Les travaux de Dostie et Dreyfuss ont mis en évidence que la protéine de l’EJC Y14 peut être trouvée dans les fractions monosomales, fixée sur les ARNm qui sont peu ou pas traduits, mais par contre, elle n’est plus retrouvée dans les fractions polysomales qui contiennent les ARNm qui sont activement traduits (Dostie and Dreyfuss 2002). De plus, ils ont montré que ce retrait de Y14 est dépendant de la traduction (Dostie and Dreyfuss 2002). Ceci suggère que le passage du ribosome, par un mécanisme qui reste inconnu, déplacerait les complexes de l’EJC des ARNm au cours du premier tour de traduction. Ces travaux ont été renforcés par la démonstration que les protéines CBP80, hUPF2, hUPF3X ainsi que les ARNm portés par CBP80 se concentrent dans les premières fractions des gradients de polysomes, contrairement à eIF4E et les ARNm portés par cette dernière qui sont retrouvés dans les fractions plus lourdes (Chiu et al. 2004).
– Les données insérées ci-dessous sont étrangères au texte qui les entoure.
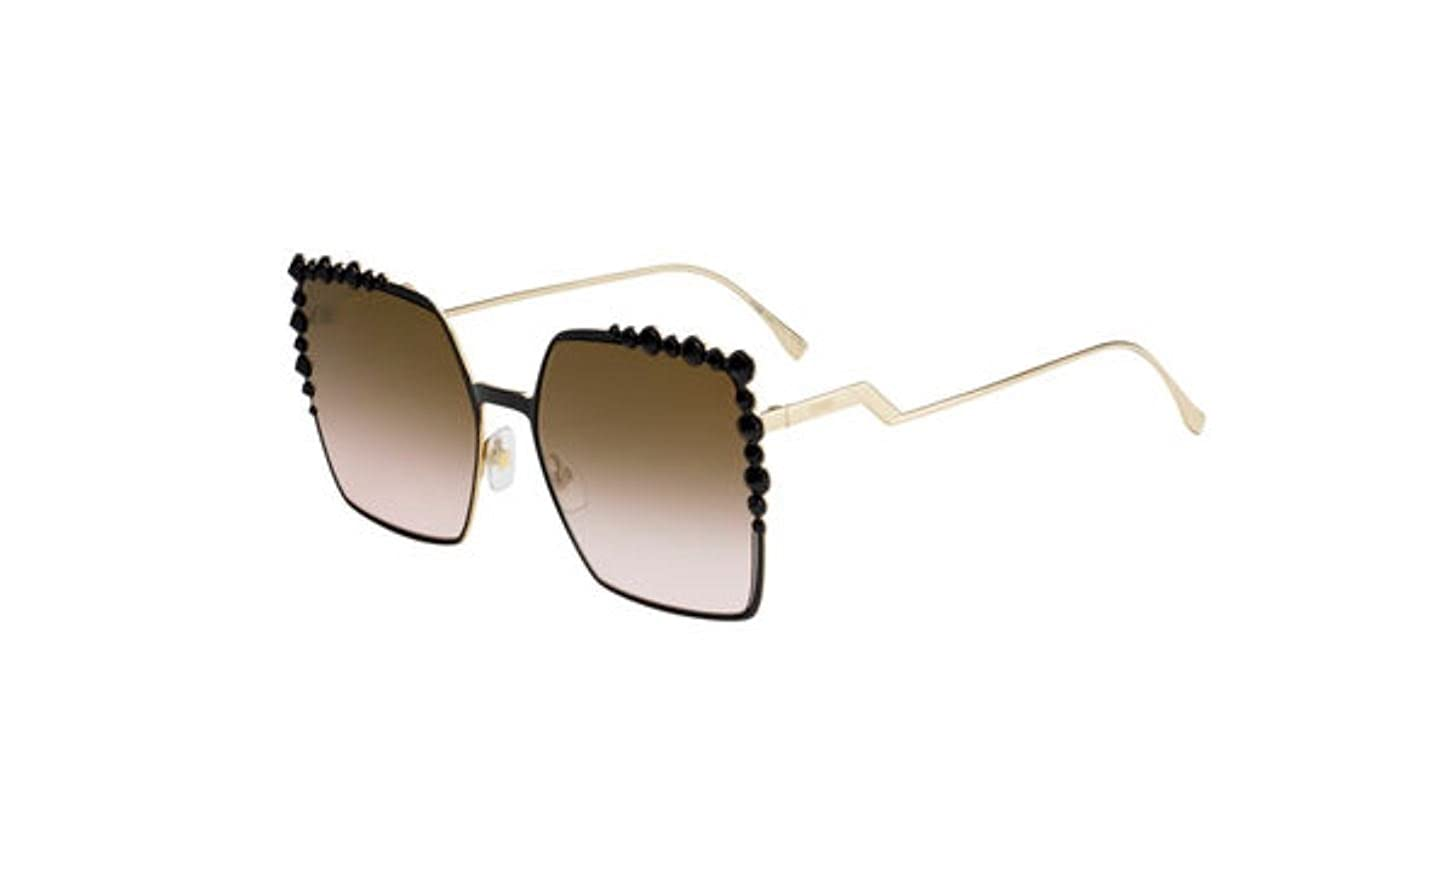 3f8cc3ebb2 Amazon.com  New Fendi FF 0259 S 205 53 Black Sunglasses  Clothing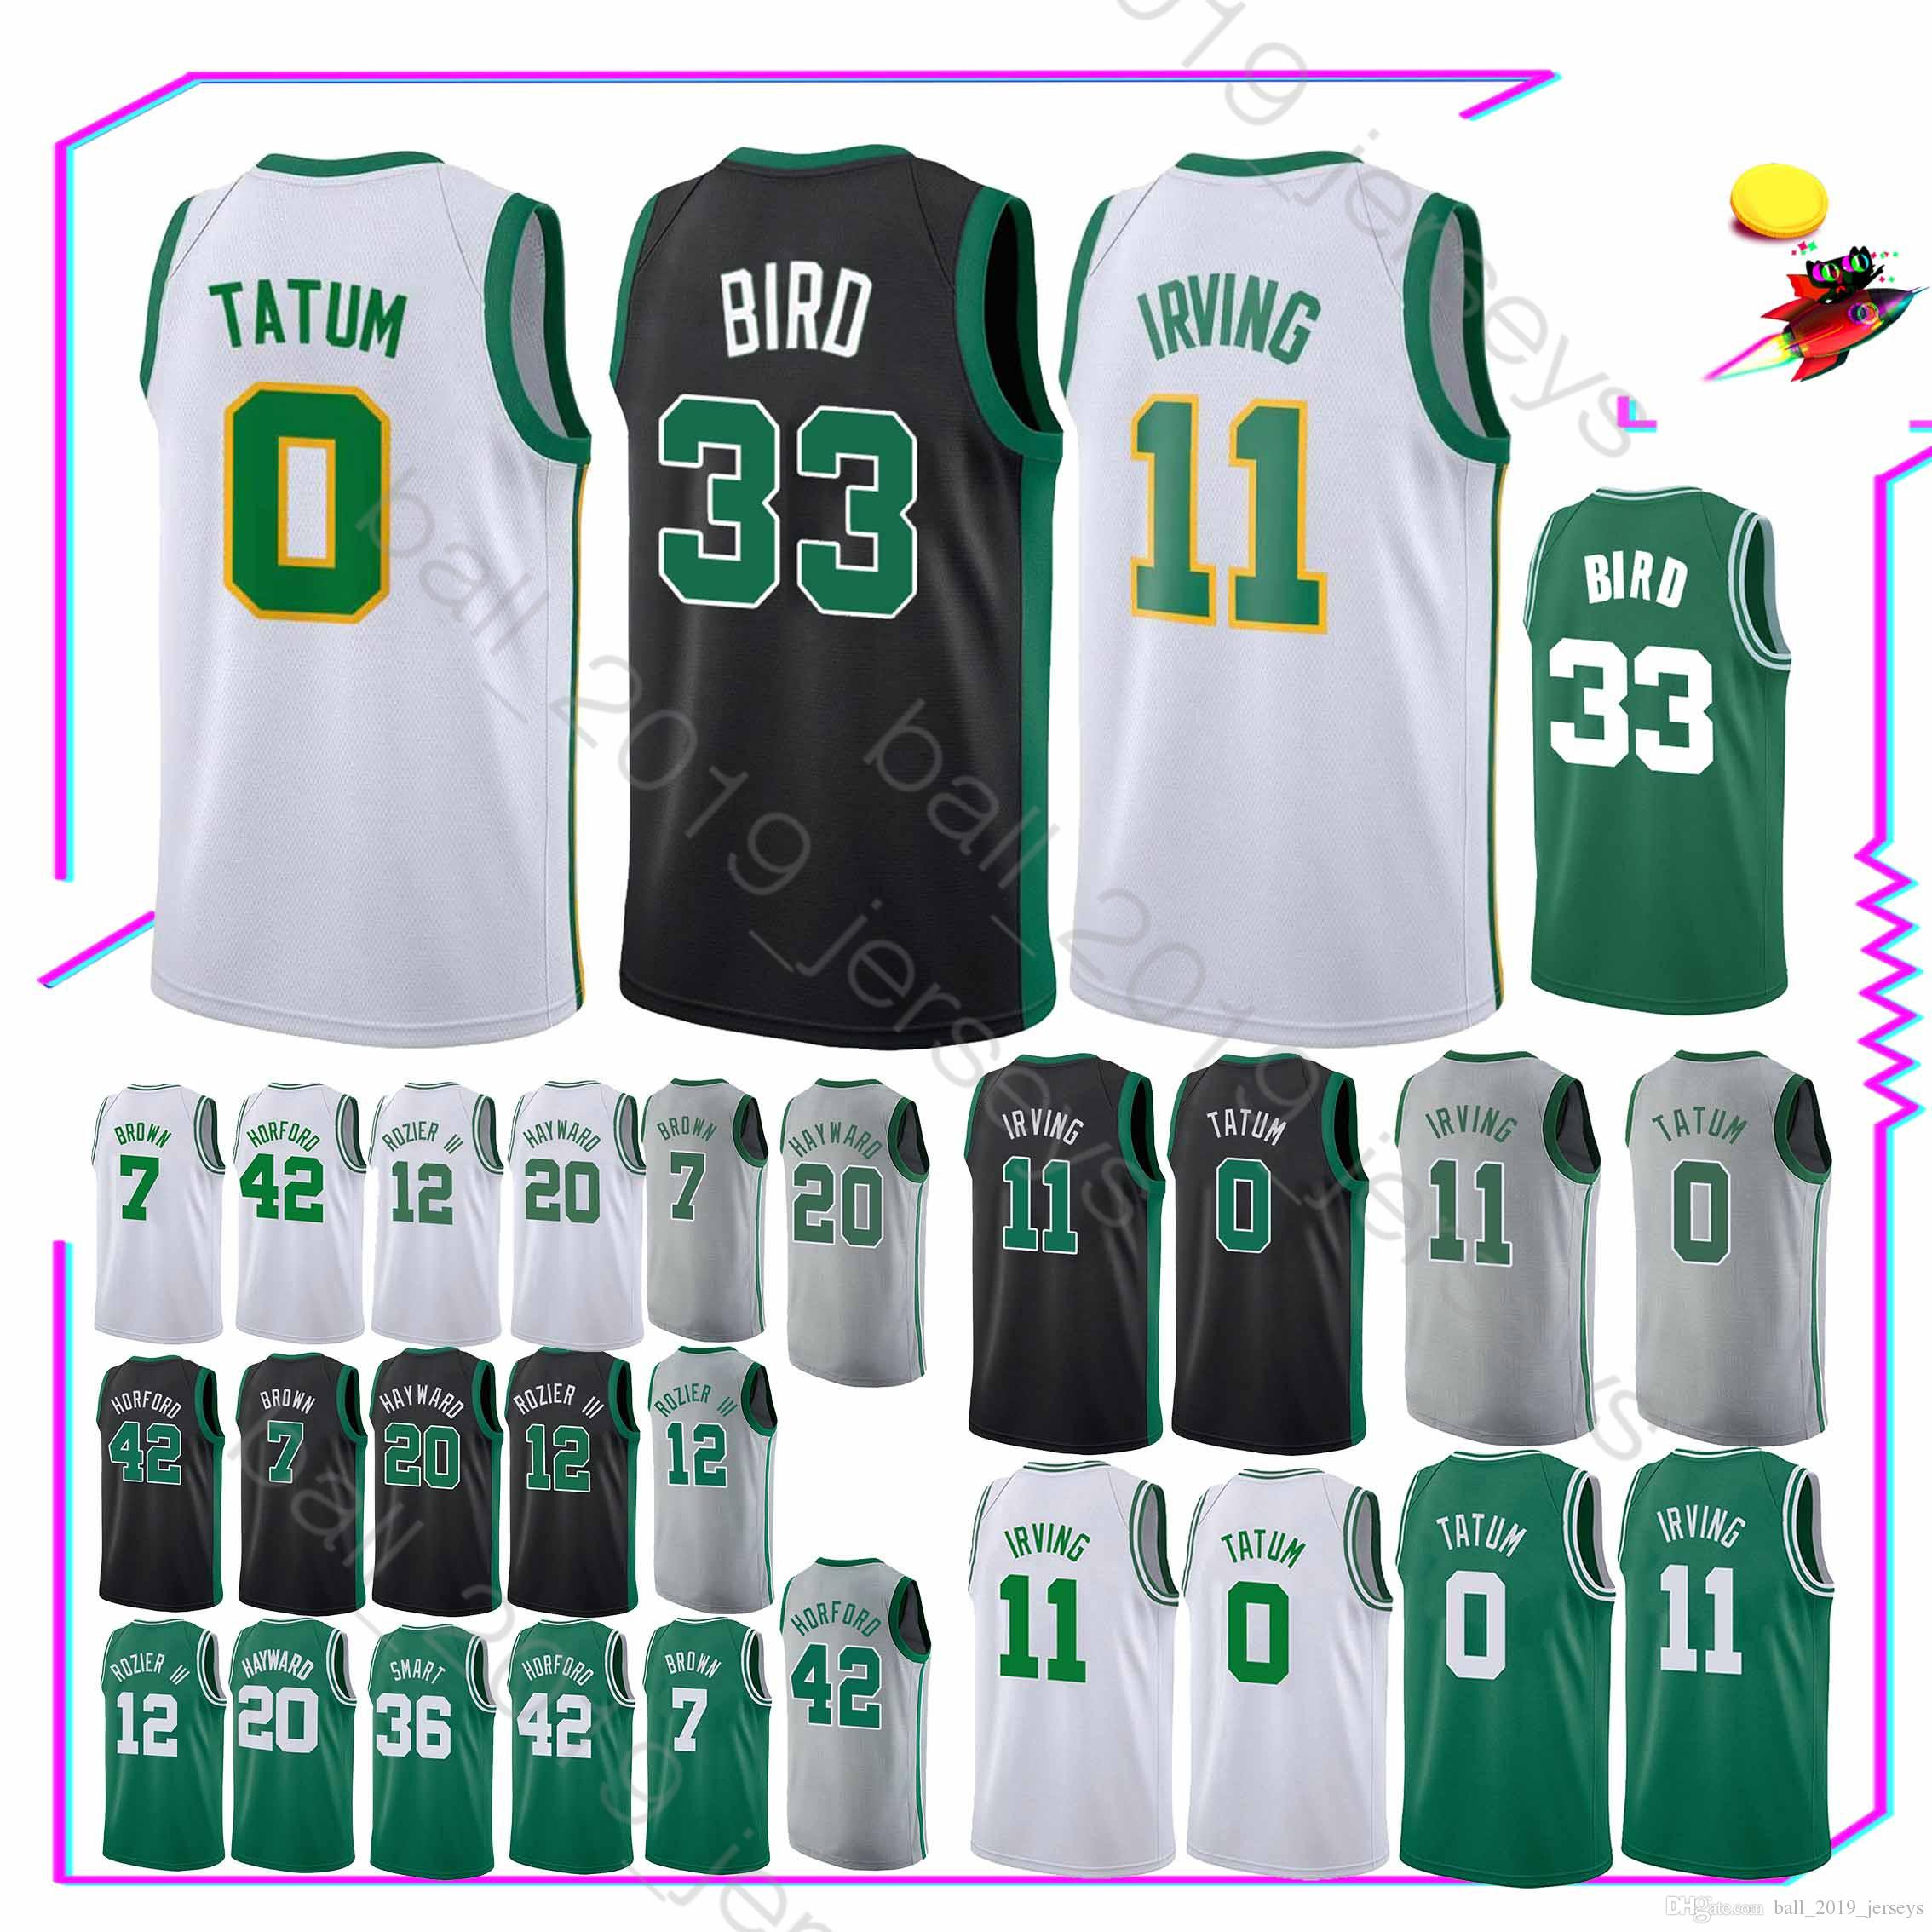 new styles 37859 3d693 Boston jerseys Celtic Jayson 0 Tatum jersey 11 Irving Larry 33 Bird Gordon  20 Hayward jerseys

Ces observations ont permis de proposer un modèle pour la reconnaissance d’un PTC lors du premier tour de traduction. Dans un ARNm normal, dans lequel le codon de terminaison est localisé sur le dernier exon, le passage du premier ribosome élimine tous les EJC, de manière qu’à la fin de ce premier tour de traduction, il ne reste plus d’EJC sur l’ARNm. Ensuite le complexe CBP80-CBP20 est remplacé par eIF4E et l’ARNm peut subir une traduction intensive en protéine. Dans un ARNm portant un PTC, le ribosome peut déplacer de la même façon les EJC qui se trouvent en amont du PTC. Mais quand il rencontre le PTC, le ribosome va s’arrêter alors qu’il reste encore un (ou plusieurs) EJC en aval. C’est donc la présence de cet EJC qui n’a pas pu être déplacé qui indiquera que le codon de terminaison sur

lequel la traduction s’est arrêtée n’est pas le bon et que par conséquent cet ARNm ne doit plus être traduit mais ciblé pour la dégradation.

Un aspect qui restait inconnu à ce jour était de savoir si une synthèse peptidique pendant le premier tour de traduction avait lieu. Une étude très récente suggère que cela peut être le cas. Apcher et collaborateurs ont montré que des ARNm portant un PTC peuvent donner lieu à des peptides qui sont des substrats pour la voie du complexe majeur d’histocompatibilité I (CMH I) (Apcher et al. 2011). Dans cette étude, ils ont inséré la séquence codant pour l’épitope SL8 dans le premier exon de l’ARNm de la β-globine qui porte un PTC et ils ont trouvé que l’antigène SL8 est présenté à la surface des cellules transfectées avec cette construction. Ces résultats indiquent qu’il y a synthèse peptidique à partir d’un ARNm qui porte un PTC. De plus, ils ont observé que le fait de bloquer la traduction globale dépendante d’eIF4E a seulement un effet limité sur la production de ces peptides antigéniques, ce qui renforce l’idée qu’ils sont synthétisés lors du premier tour de la traduction à partir des ARNm liés à CBP80 (Apcher et al. 2011).